Un’usanza? No una barbarie. Il Festival della carne di cane che dal 2010 si svolge a Yulin, città-prefettura della Cina nella Regione autonoma di Guangxi Zhuang, è solo questo. Un appuntamento che non ha nulla a che vedere con alcun tipo di tradizione in programma fra pochi giorni, il 21 giugno quando migliaia di quattro zampe, rubati ai legittimi proprietari durante l’anno o raccolti lungo le strade perché randagi, finiranno nei piatti dei cinesi. Cani e anche gatti che vengono uccisi dopo essere stati torturati, in base alla orribile credenza che la sofferenza ne renda afrodisiache le carni. Che, in più, se vengono mangiate il giorno del solstizio d’estate diventano anche una fonte di salute e di fortuna. E invece sono solo simbolo di un massacro. Contro il quale è partita la campagna per dire “no” al Festival di Yulin in tutto il mondo.
 

 


A Roma per chiedere di fermare questo che è un Festival solo di nome, l’Associazione Animalisti Italiani Onlus organizza per martedì 21 dalle ore 10 alle 12 un presidio davanti l’Ambasciata Cinese in Largo Ecuador. E invita i cittadini a inviare una e-mail di protesta all’ambasciatore S. E. Li Ruiyu  (Fac-simile su http://bit.ly/22xgm1X).

Per dire basta a un evento che alimenta il mercato illegale e altro non è che un’attrazione macabra per attrarre turisti. Perché se è vero che la carne di cane e di gatto in Cina, oltre che in Corea,  in Thailandia, in Vietnam e nelle Filippine, è consumata da secoli non è usanza perpetrare la tortura: la Dichiarazione Universale dei Diritti dell’Animale proclama che nessun animale dovrà essere sottoposto a maltrattamenti e ad atti crudeli e se la soppressione di un animale è necessaria, deve essere istantanea, senza dolore, né angoscia. Cosa che accade in un angolo di Oriente dove queste creature vengono catturate con reti e poi rinchiuse in spazi angusti, malmenate, scuoiate e bollite vive fino a morire tra mille sofferenze.

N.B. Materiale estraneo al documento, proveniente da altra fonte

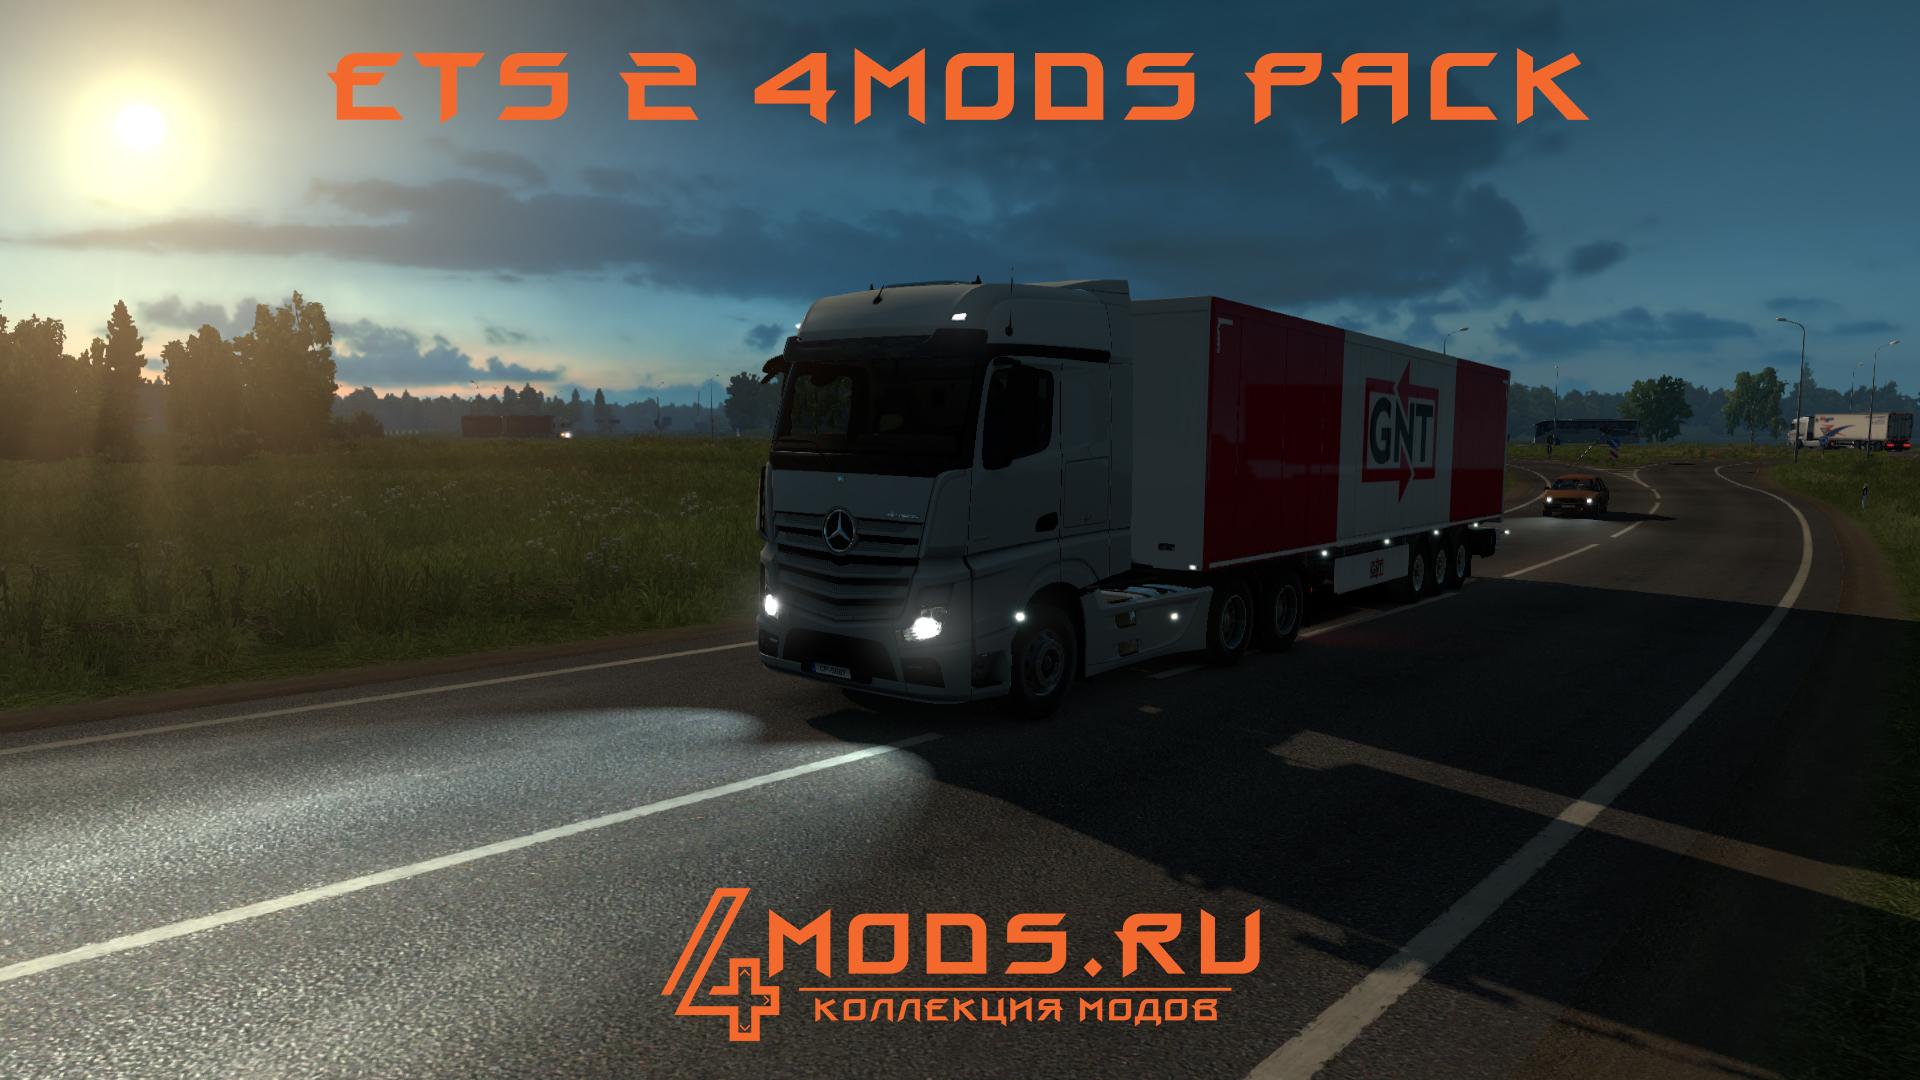 Сборка карт для ETS 2 (ETS 2 4Mods Pack)

Per questo si sono moltiplicati gli appelli di Associazioni  animaliste, Fondazioni come quella di Bigitte Bardot, divi e star internazionali come gli attori Ricky Gervais e Simon Cowell, la cantante Leona Lewis, la star dei jet set Paris Hilton. E ancora: la produttrice discografica Sharon Osbourne, l’imprenditrice e filantropa Lisa Vanderpumpa,  attraverso Human Society International, una delle maggiori organizzazioni al mondo per la difesa dei diritti degli animali.